During early development, the VSCC play an important role in calcium-dependent gene expression. Since these channels are also involved in depolarization and calcium-mediated vesicular release of neurotransmitters and pancreatic hormones, alterations in the expression of VSCC not only will affect calcium-mediated gene expression but also hormonal and neurotransmitter release creating therefore a neuroendocrine perturbation in the fragile X that may potentially affect other organ systems. We find that in the fragile X mouse, taurine treatment may partially restore functionality of the neuro-endocrine pancreas.
The fragile X syndrome includes hyperarousal, hypersensitivity to sensory stimuli and an increased prevalence of seizures [1, 2]. The mouse model for this disorder [3, 4] is a knockout of the fmr1 gene (fragile X mental retardation 1 gene) which has a reduction in the expression of the fragile X mental retardation protein (FMRP). This model has increased seizure susceptibility [5–7] which may be a direct parallel to elements of the syndrome that suggest reduced inhibition/increased excitability. Our investigations of the molecular basis of increased seizure susceptibility in the fragile X mouse indicate a reduction in GABAA receptor expression . Since these receptors play a major role in inhibition, their reduction helps explain the increased seizure susceptibility in this mouse model for fragile X and suggest that the GABAergic system may be affected in the fragile X syndrome.
We have previously described an increased expression of glutamic acid decarboxylase (GAD), the enzyme responsible for the synthesis of GABA, the neurotransmitter agonist for GABAA receptors. This increase is likely a response of the brain to reduced inhibition - a response that has been observed in other models of elevated excitability . The excitability of neuronal circuits is kept within a normal range through feed-forward and -back inhibition, mediated by inhibitory interneurons. These neurons continuously adjust their inhibitory output to match the level of excitatory input. Thus, when there is reduced inhibition of postsynaptic neurons, feedback from these neurons causes the presynaptic neurons to increase their inhibitory output. In the example of fragile X mouse brain, reduced GABAA receptor expression on postsynaptic membranes would induce an increase in GAD expression, thus increasing the bioavailability of GABA in presynaptic terminals. Therefore, increased GAD may represent a secondary response to the direct effects of FMRP depletion.
We have previously demonstrated [10–12] that mice chronically supplemented with taurine in their drinking water showed biochemical changes in the GABAergic system similar to those observed in fragile X mouse, including a reduced GABAA receptor, increased GAD expression and a lower threshold for seizure induction.
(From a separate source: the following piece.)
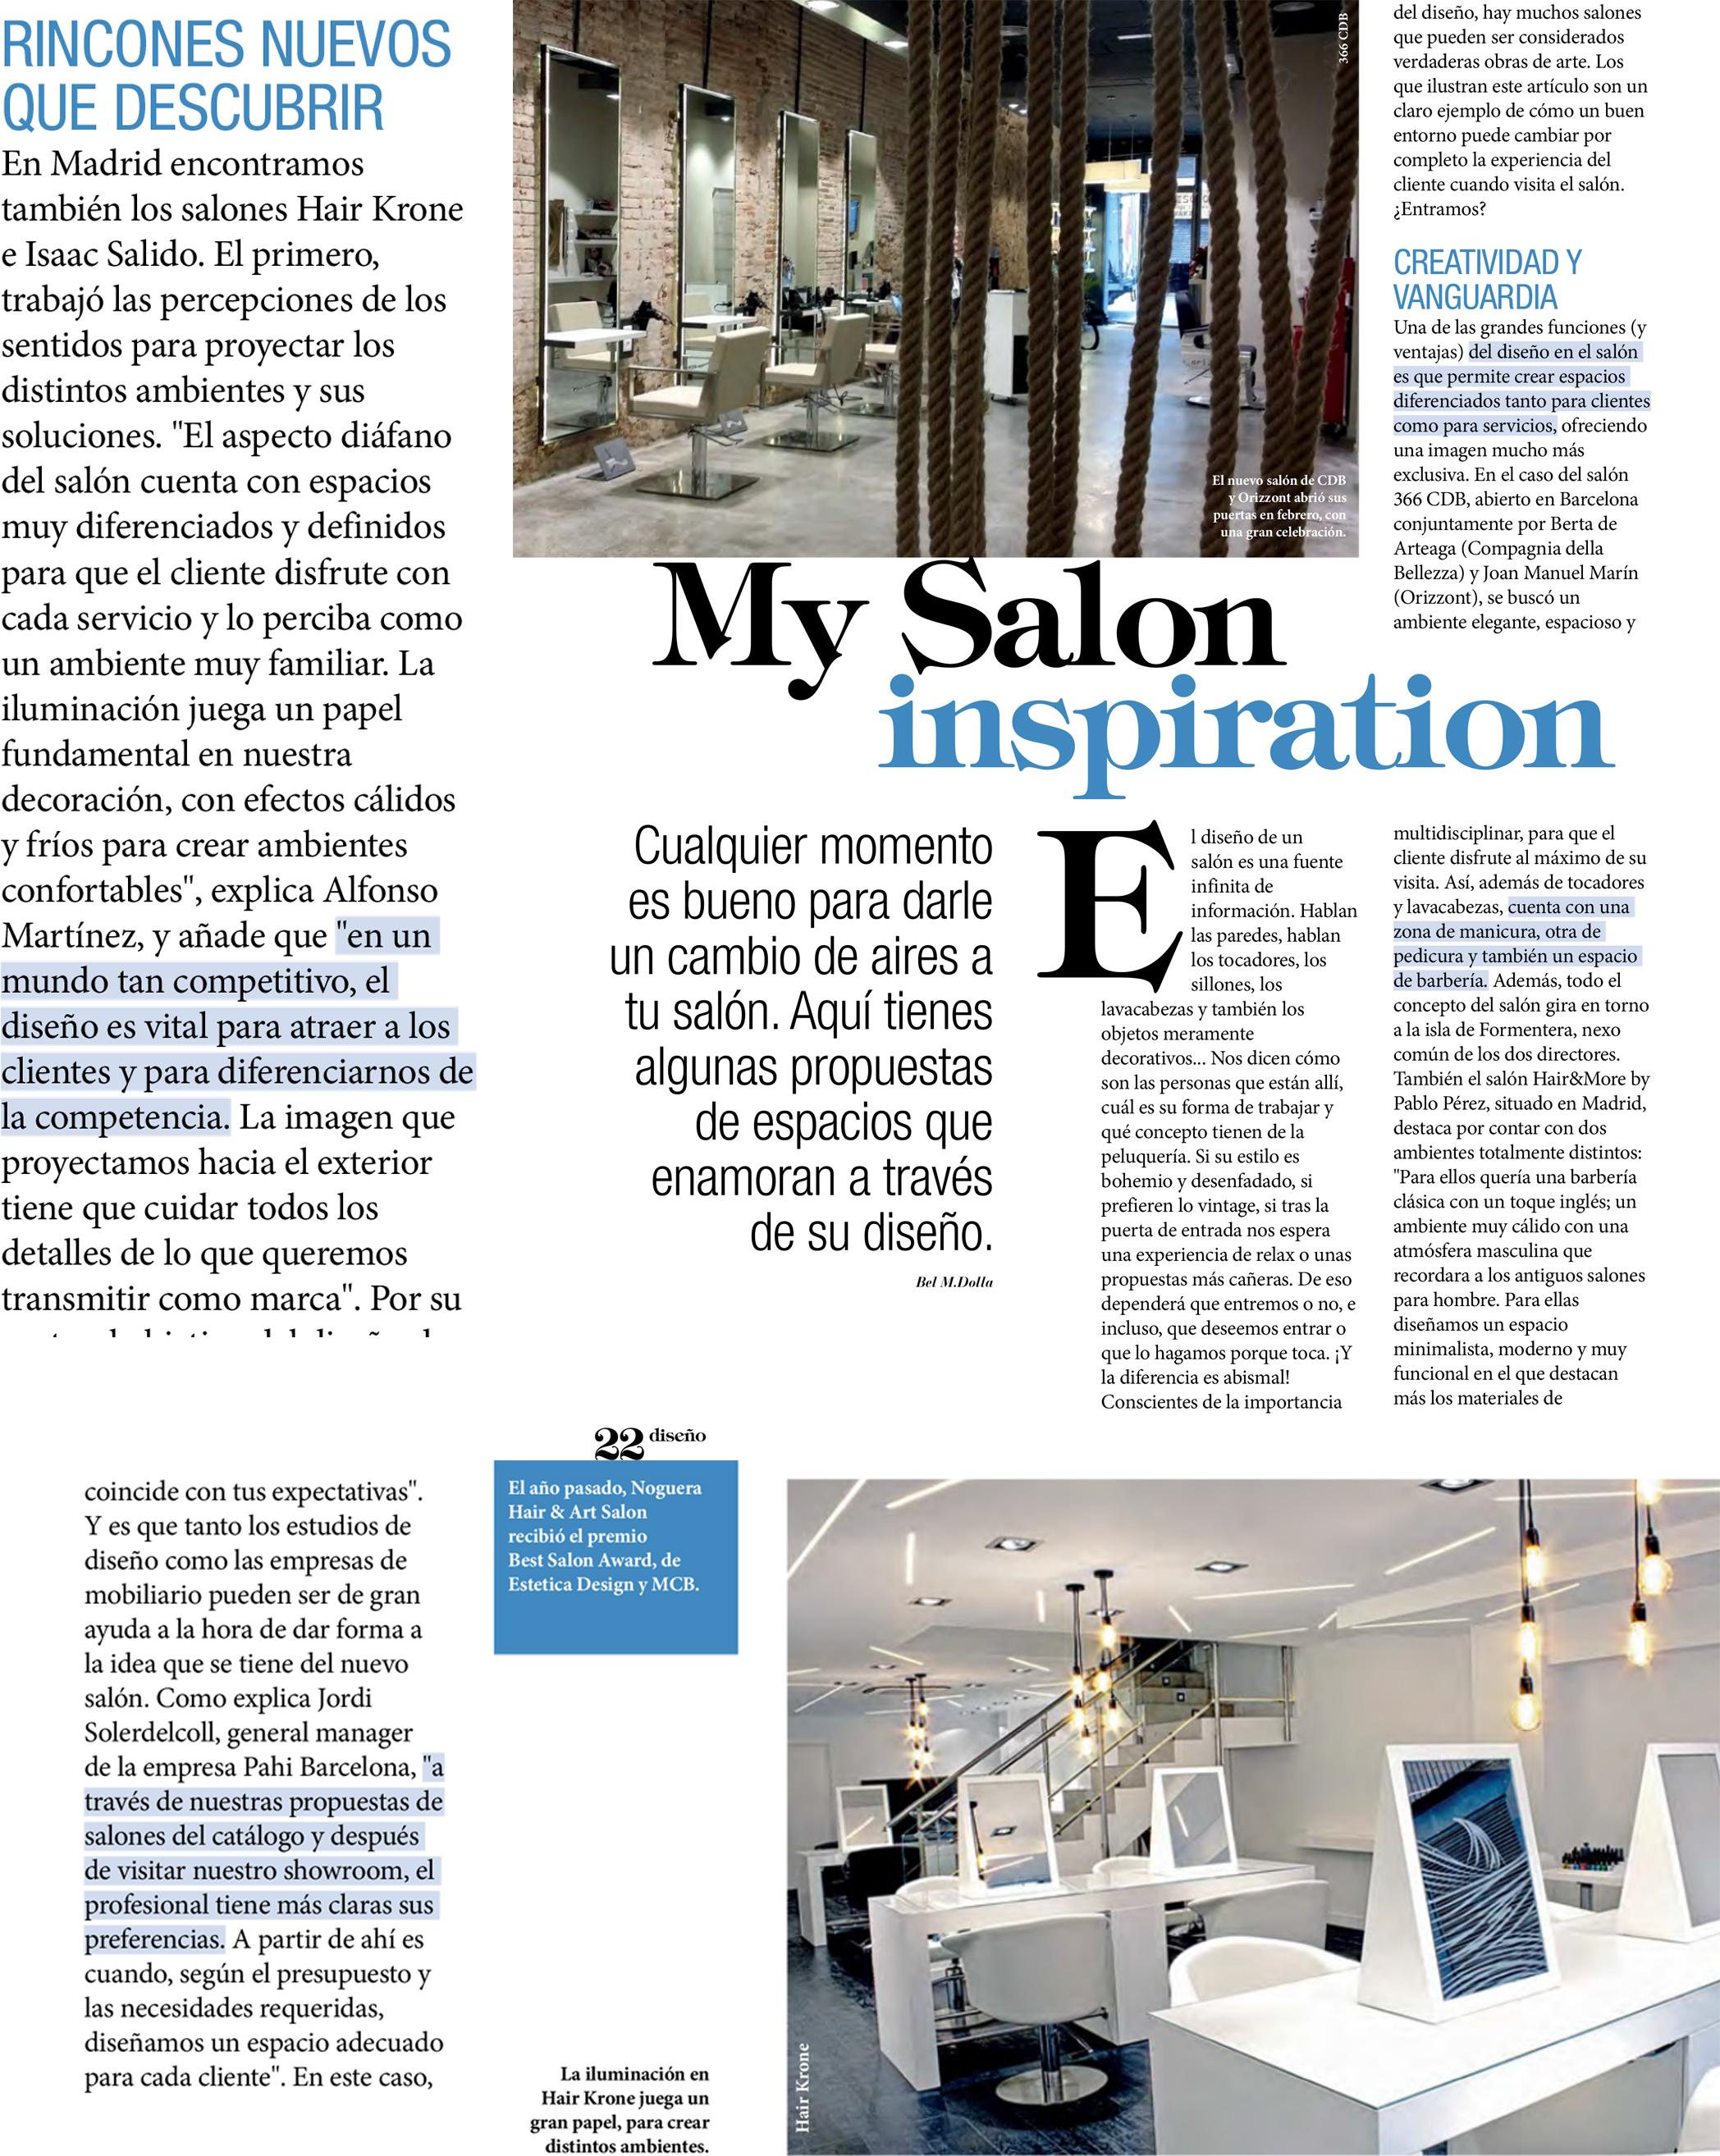 Hairkrone salones de inspiraci n hairkrone - Inspiracion salones ...

Taurine (2-aminoethanesulfonic acid) is a sulfur-containing amino acid. It is one of the most abundant free amino acids in many excitable tissues, including the brain, skeletal and cardiac muscles. Physiological actions of taurine are widespread and include bile acid conjugation, detoxification, membrane stabilization, osmoregulation, neurotransmission and modulation of cellular calcium levels [13–17]. Furthermore, taurine plays an important role in modulating glutamate and GABA neurotransmission [18–20]. We have previously shown that taurine prevents excitotoxicity in vitro primarily through modulation of intracellular calcium homeostasis .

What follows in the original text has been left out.